Une longue histoire de défaites
Depuis la dernière résolution de désarmement de l’UA en 2016, les conflits armés meurtriers en Afrique ont doublé. La feuille de route de Lusaka décrivait 54 mesures à adopter pour empêcher l’accès aux armes aux acteurs non-étatiques. Aucune mesure n’a été adoptée par les gouvernements africains. Même les Etats qui ont parrainé la résolution, comme l’Afrique du Sud, l’Ethiopie et l’Egypte, font partie des pays africains plus armés. Depuis la résolution, le nombre d’affrontements armés en Afrique est passé de 1846 en 2016, à 4811 en 2021, selon les données de l’ONU.
Plus récemment, l’UA a échoué dans son intervention auprès de la communauté internationale pour faire annuler la décision de l’OMC. Cette décision de limiter les licences de fabrication des vaccins anti Covid-19 par la propriété intellectuelle des compagnies pharmaceutiques occidentales, a ensuite été aggravée par l’UA. Au lieu d’outrepasser l’OMC et de fournir ses propres licences de fabrication des vaccins nigérians, sud-africains, russes ou chinois, l’UA a pris l’initiative d’acheter des vaccins préfabriqués. Actuellement, à cause de l’assaut médiatique sur ces mêmes vaccins qui monopolisent presque ceux achetés par l’UA, plus de 170 000 doses AstraZeneca ont été jetées.
Dans le cas encore plus récent du conflit tchadien, après la mort du président Idriss Déby Itno, l’UA a été passive. La charte constitutive de l’UA stipule « la condamnation et rejet des changements inconstitutionnels de gouvernement » dans son article 4. Or, par suite du décès du président tchadien Déby, son fils Mahamat a pris le pouvoir, contournant la constitution. Selon la plus haute loi tchadienne, c’était le président du Parlement qui devait prendre la place du président.
Kaka casse, Macron gronde, tonton répare
Donc, le Conseil militaire de transition tchadien (CMT) serait illégal, par normes et par clauses, aux yeux de l’UA. Ce fait de droit n’a toutefois aucun répondant à Addis-Abeba. Pourtant, le même article de la même charte de l’UA cite « le respect des principes démocratiques, des droits de l’homme, de l’Etat de droit et de la bonne gouvernance ».

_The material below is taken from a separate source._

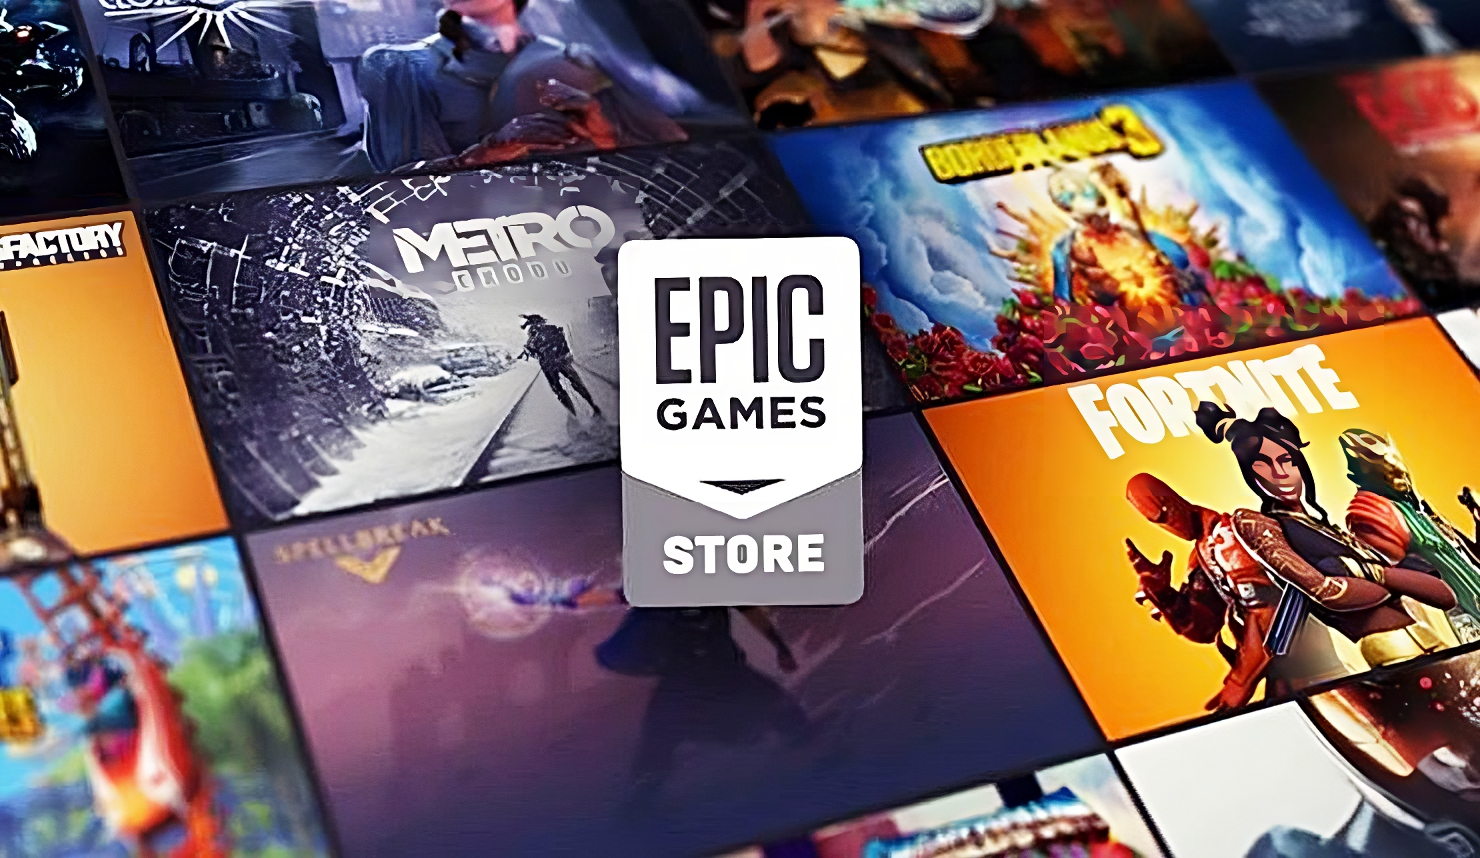 Epic Games ストアで 2 月 8 日に 2 つの無料ゲームをプレゼント
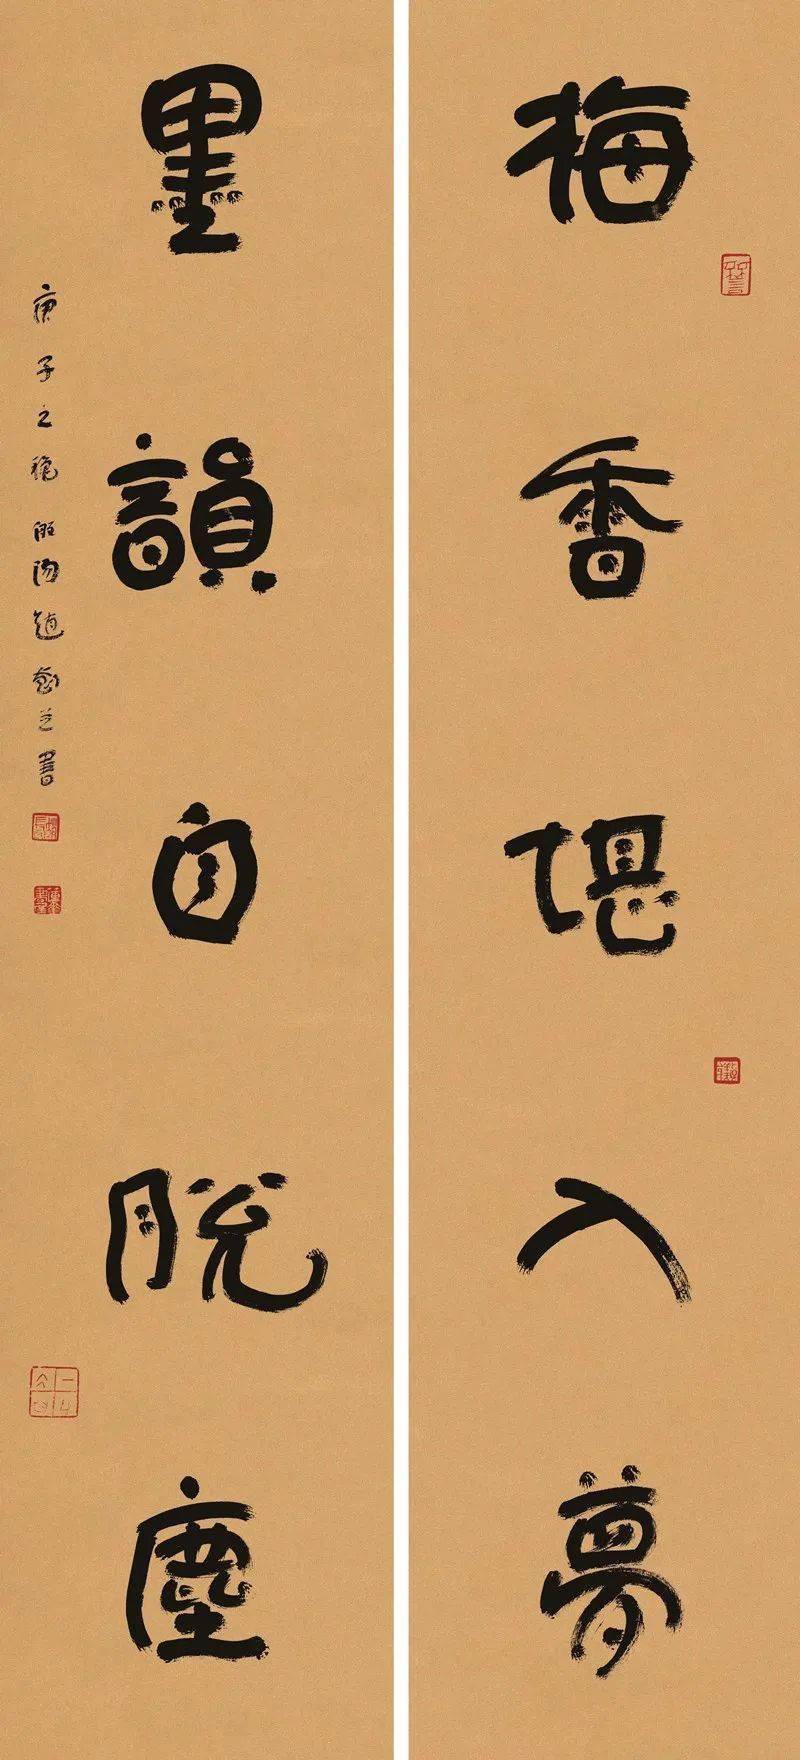 这位淄博老乡书法作品在北京梅兰芳纪念馆展出!来欣赏下

Le fait est que l’UA n’a pas condamné le coup d’Etat au Tchad. Si on en croit certaines analyses, cette absence de condamnation serait due à l’intervention du Président de la Commission de l’UA, Moussa Faki. Cet ancien Premier ministre et ministre des Affaires Etrangères du Tchad aurait été un très proche ami des Déby. Faki avait même été directeur de cabinet d’Idriss Déby Itno. Son élection à la présidence de la Commission de l’UA avait été décidée en 2017. Elle est intervenue quelques mois seulement après le dédoublement de la présence militaire française au Sahel, mandatée par le Tchad.
Ce proche collaborateur du défunt président Déby entretenait aussi une relation étroite avec la famille présidentielle. Selon le journal Mondafrique, le nouveau président par intérim, Mahamat Déby, l’appelait « tonton ». C’est donc sous l’égide de la Commission présidée par Moussa Faki, que l’UA n’a fait qu’exprimer « sa vive préoccupation » pour la situation au Tchad.
La répression des manifestations à N’Djaména, survenue le 26 et le 27 avril, par les forces armées, incombe à tous les Etats membres du Conseil de paix et de sécurité (CPS) de l’UA. Et malgré la condamnation du président français de ces évènements, l’UA est restée en ligne avec l’héritier de la présidence tchadienne. Lors d’un discours du président français, il avait dit : « Nous sommes pour une transition pacifique et inclusive, pas pour un plan de succession », avait déclaré Emmanuel Macron.
Du côté du CPS de l’UA, en revanche, le communiqué équivalent s’est montré plus souple : « Le CPS appelle toutes les parties prenantes tchadiennes à s’engager immédiatement dans le dialogue national », lit-on sur le communiqué. C’est à se demander si l’Union africaine a réellement son mot à dire dans la crise tchadienne, ou dans les affaires africaines.